Abschlussfeier im Krieg: Ein Moment des Widerstands
Ein Weg, mit der ständigen Bedrohung umzugehen, besteht darin, sich auf den Alltag zu konzentrieren. Die Momente, in denen die Schwere des Krieges für einen Augenblick fern scheint, sind vor allem die wiederkehrenden Tanzszenen: die Proben für die Abschlussfeier, bei denen Paartänze einstudiert werden, die Schulfeste und schließlich die Abschlusszeremonie, bei der die Schülerinnen in festlichen Kleidern auftreten.

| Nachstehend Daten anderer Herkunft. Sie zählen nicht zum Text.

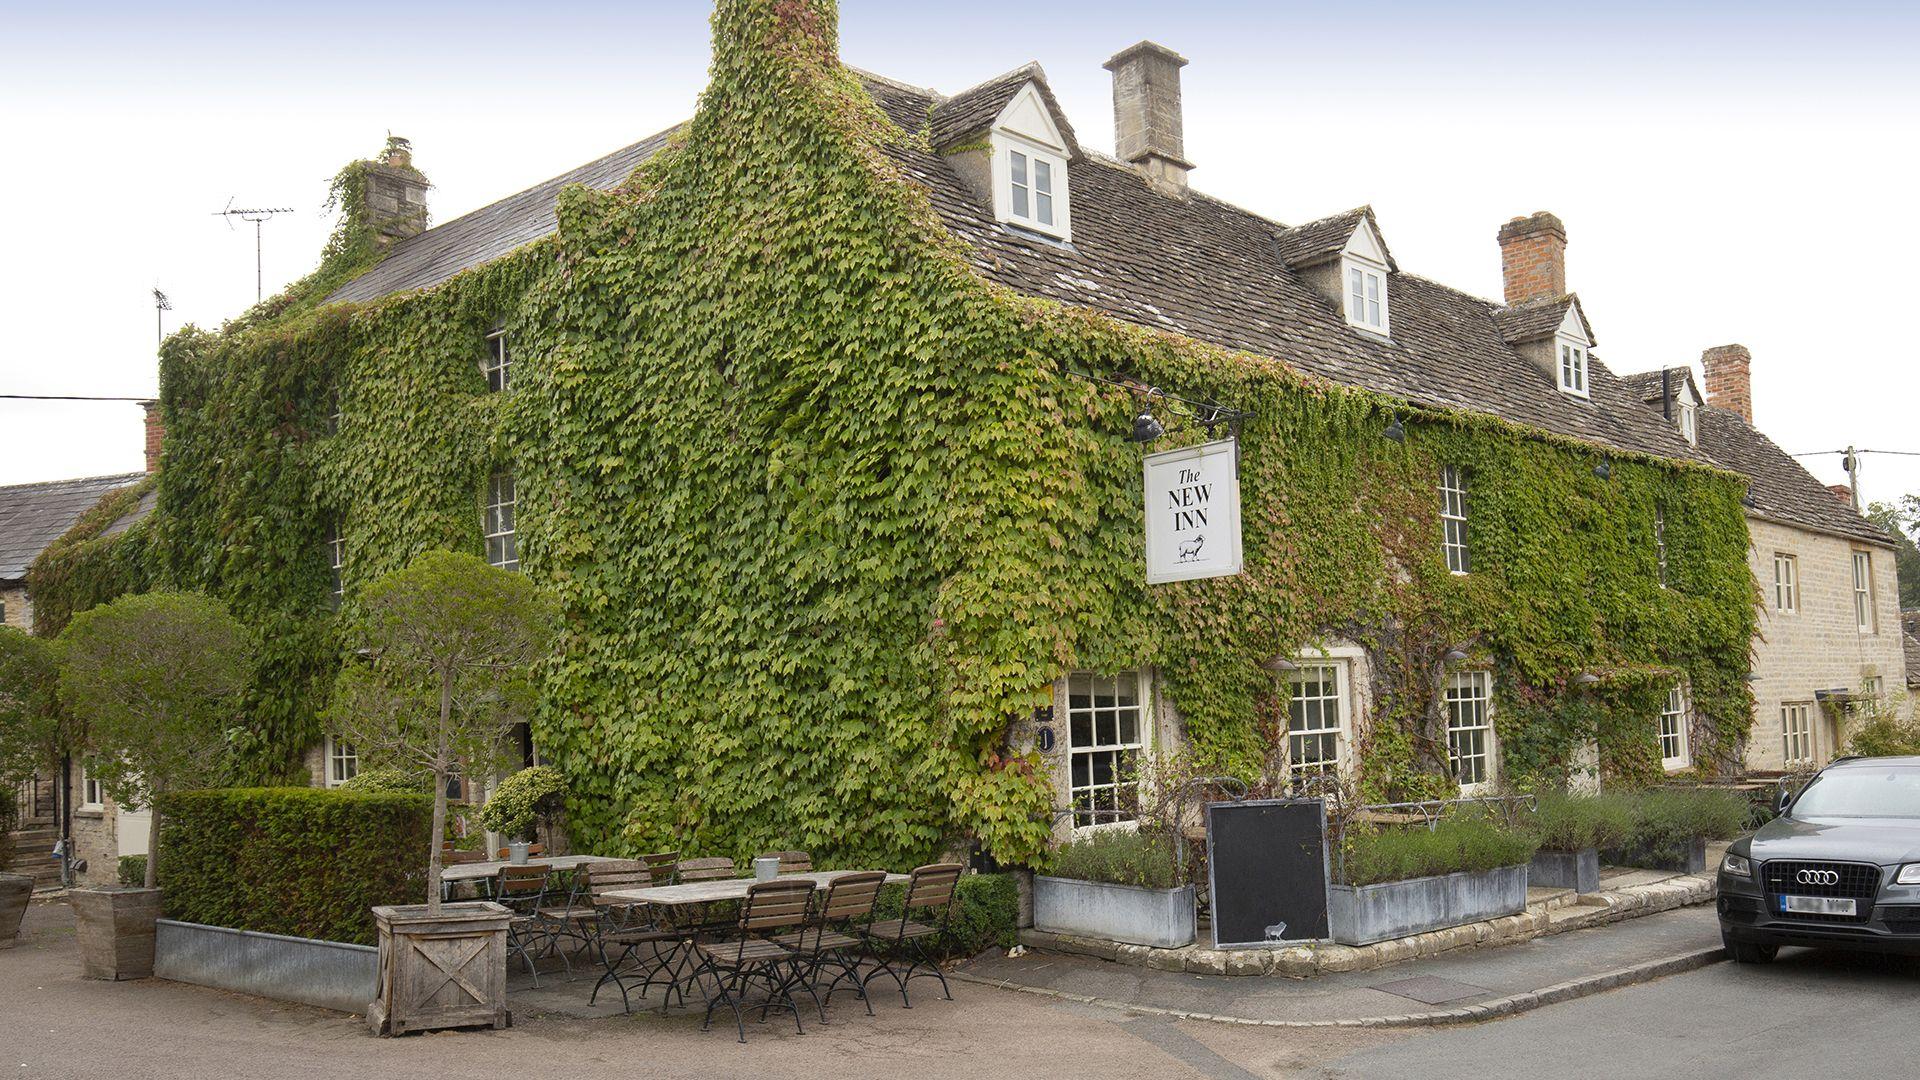 Nearby pub, The New Inn, Coln St Aldwyns,  Meadow View 2, Bolthole Retreats

Besonders in diesen Szenen kommt die beeindruckende Musik des Films zur Geltung, die Freude, Stolz und Hoffnung vermittelt.

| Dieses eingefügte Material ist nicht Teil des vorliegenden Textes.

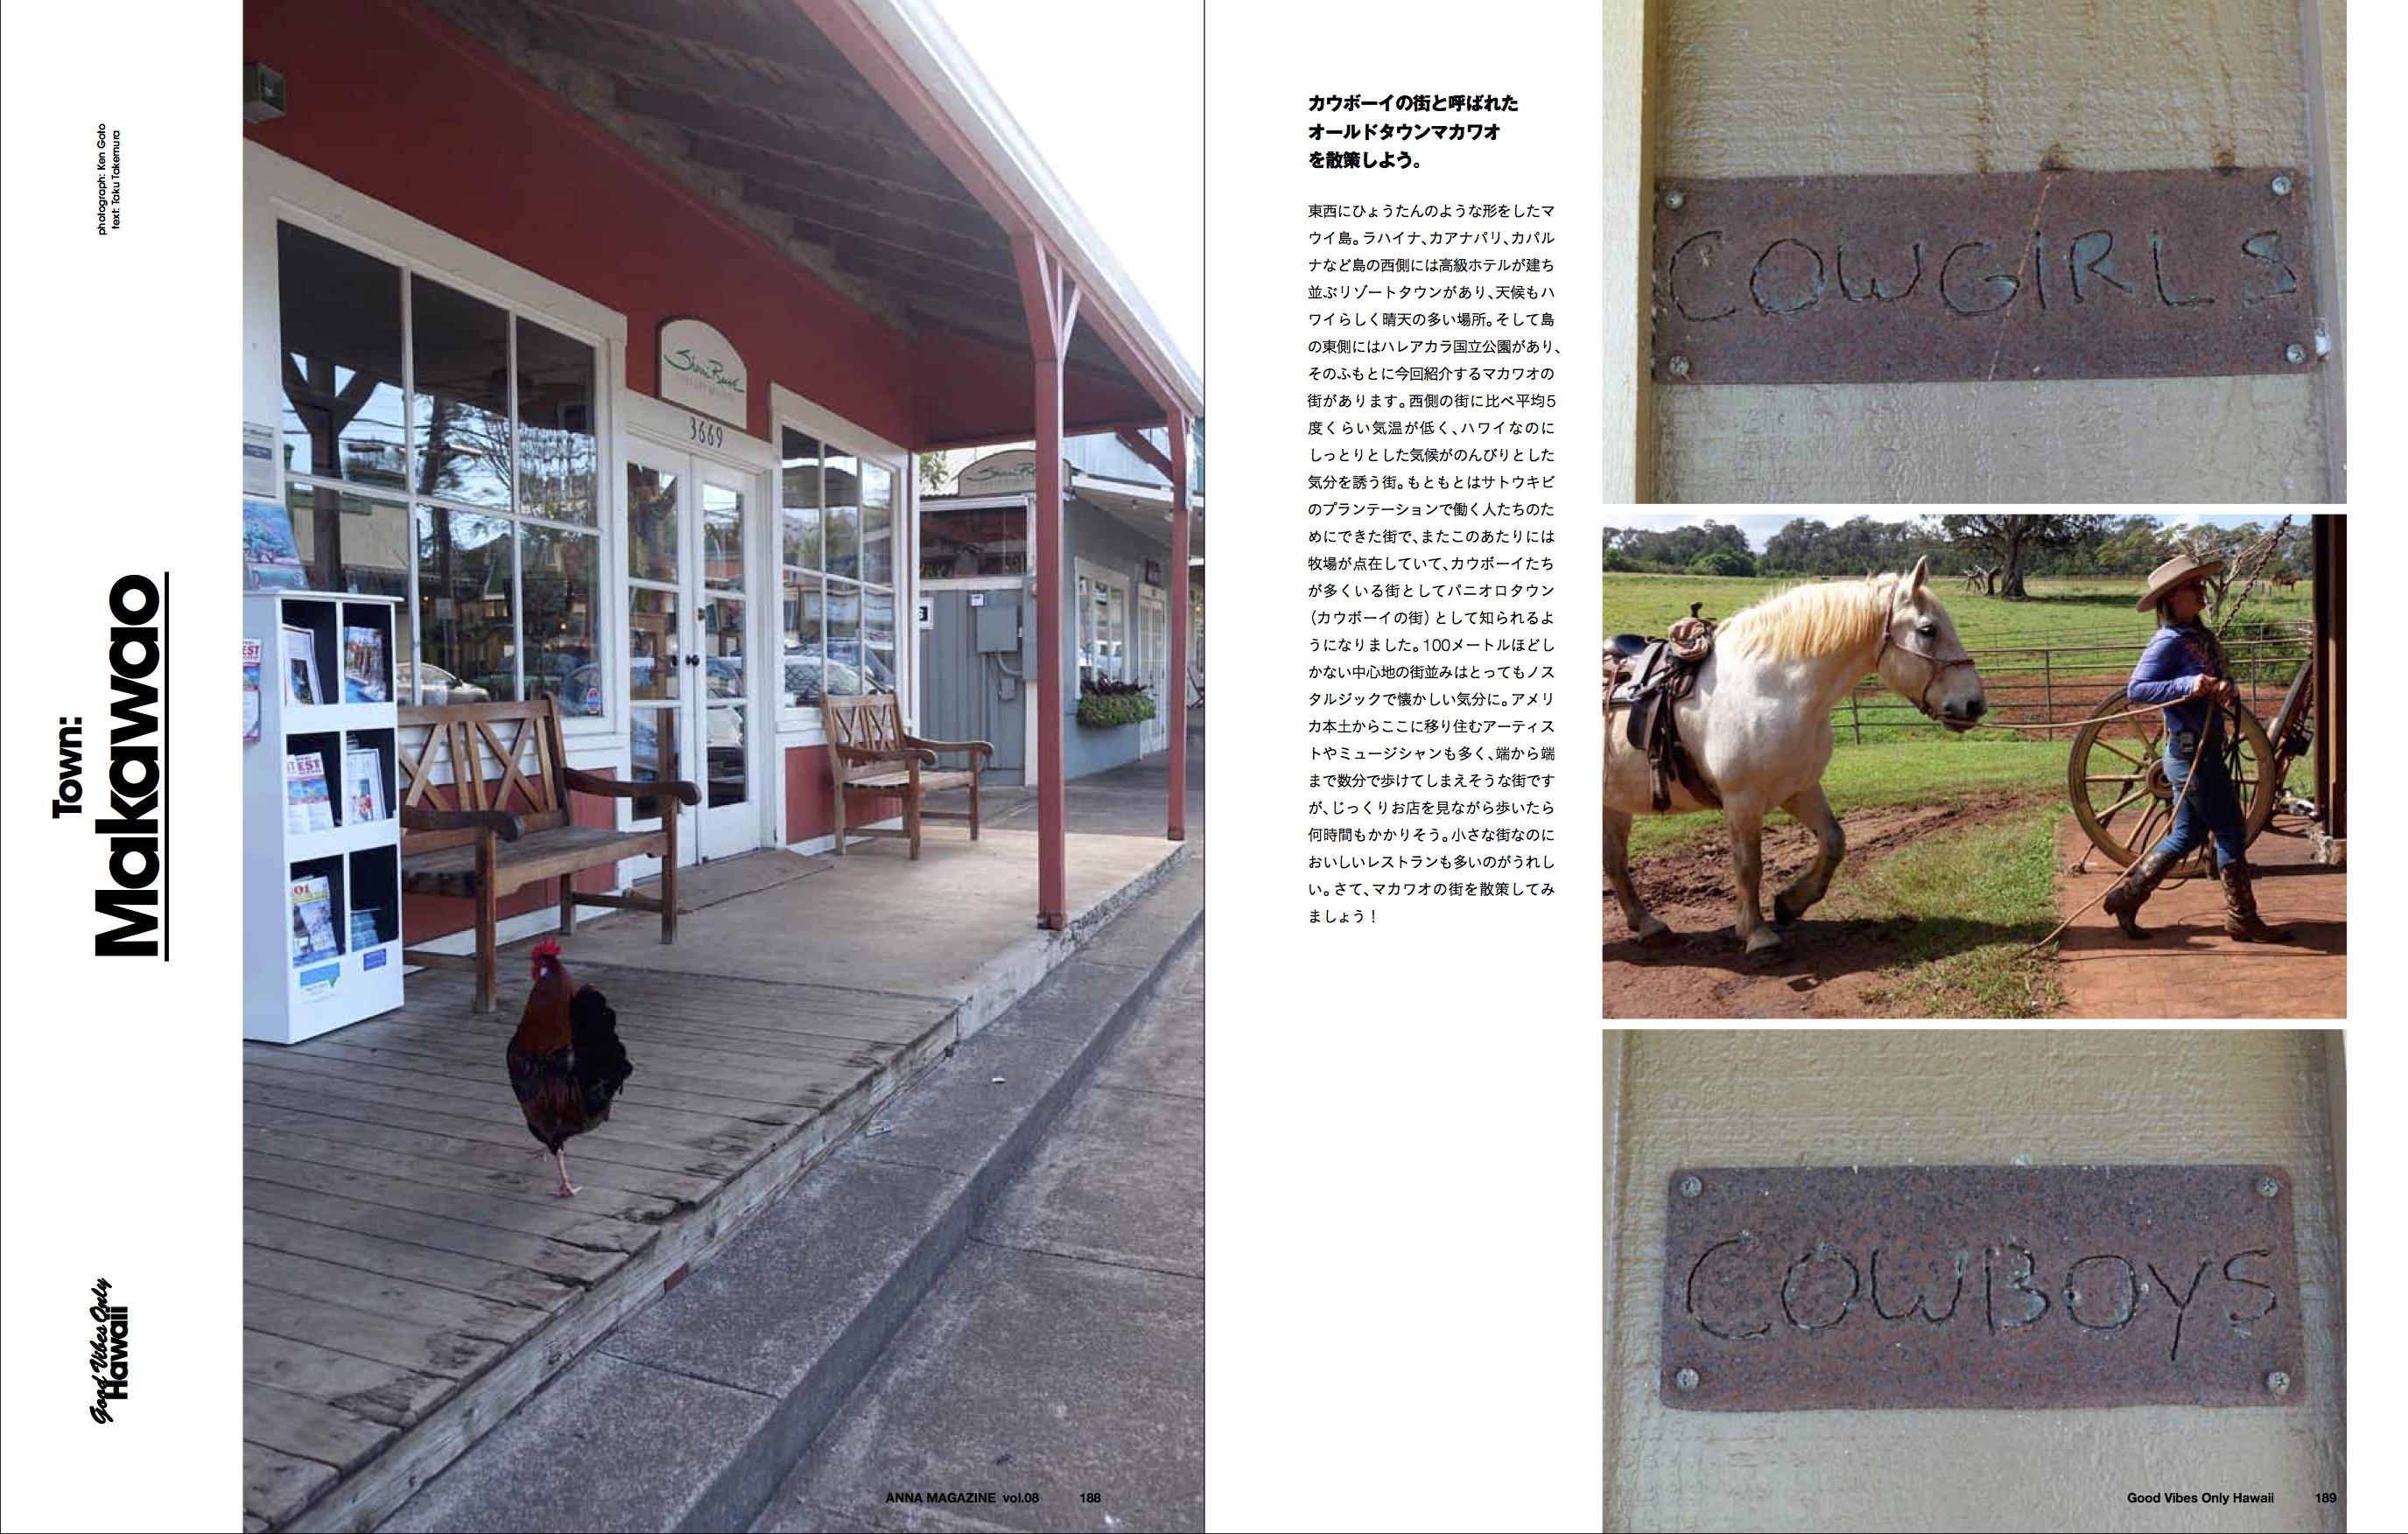 anna magazine vol.8 P95

Doch es gibt auch berührende Augenblicke, in denen die Härte des Krieges durchbricht: Etwa eine Beerdigungsszene oder ein Moment im Klassenzimmer, als ein Mädchen weinend auf das Porträt ihres Vaters blickt, das neben den Bildern weiterer Soldatenväter an der Wand hängt. Ihre Freundinnen umarmen sie, die Lehrerin spricht ihr tröstende Worte zu. In diesen Szenen wird die Schwere der Situation besonders spürbar – und auch wenn der Film insgesamt von Hoffnung und Widerstand geprägt ist, bleibt die Tragödie des Krieges stets präsent.
„Wir wollten diesen Krieg nicht kämpfen“
„Timestamp“ zeigt in seiner ruhigen, fast poetischen Beobachtung die Unvermeidlichkeit der Auswirkungen des Krieges auf die Psyche der Menschen, ohne sich in sentimentalen Momenten zu verlieren. Ein Gespräch mit einer Soldatin, die den Schüler:innen die Realität des Krieges näherbringt, ist ebenso Teil des Films: „Wir wollten diesen Krieg nicht kämpfen“, sagt sie, und auch, dass kein Soldat wirklich mit dem Erlebten zurechtkommen kann.
„Timestamp“ ist ein kraftvolles Porträt der ukrainischen Gesellschaft im Kriegszustand. Er bringt den Zuschauer:innen die Stärke der Menschen näher, die sich trotz Bedrohung und Verlust weigern, ihre Menschlichkeit aufzugeben und stolz darauf sind, ihre ukrainische Sprache und Kultur zu bewahren. Insbesondere vor dem Hintergrund der jüngsten Äußerungen von Präsident Trump, der einen schnellen Friedensschluss mit Russland fordert und den ukrainischen Präsidenten Wolodymyr Selenskyj zuletzt als „Diktator ohne Wahlen“ bezeichnete, wird bei der Premiere von „Timestamp“ noch einmal umso deutlicher, was für die Menschen in der Ukraine auf dem Spiel steht.
„Timestamp“ ist übrigens der erste Beitrag eine:r ukrainischen Regisseur:in im Berlinale-Wettbewerb seit 28 Jahren. Und wer weiß – immerhin hatte im letzten Jahr mit „Dahomey“ auch überraschend ein Dokumentarfilm den Goldenen Bären gewonnen.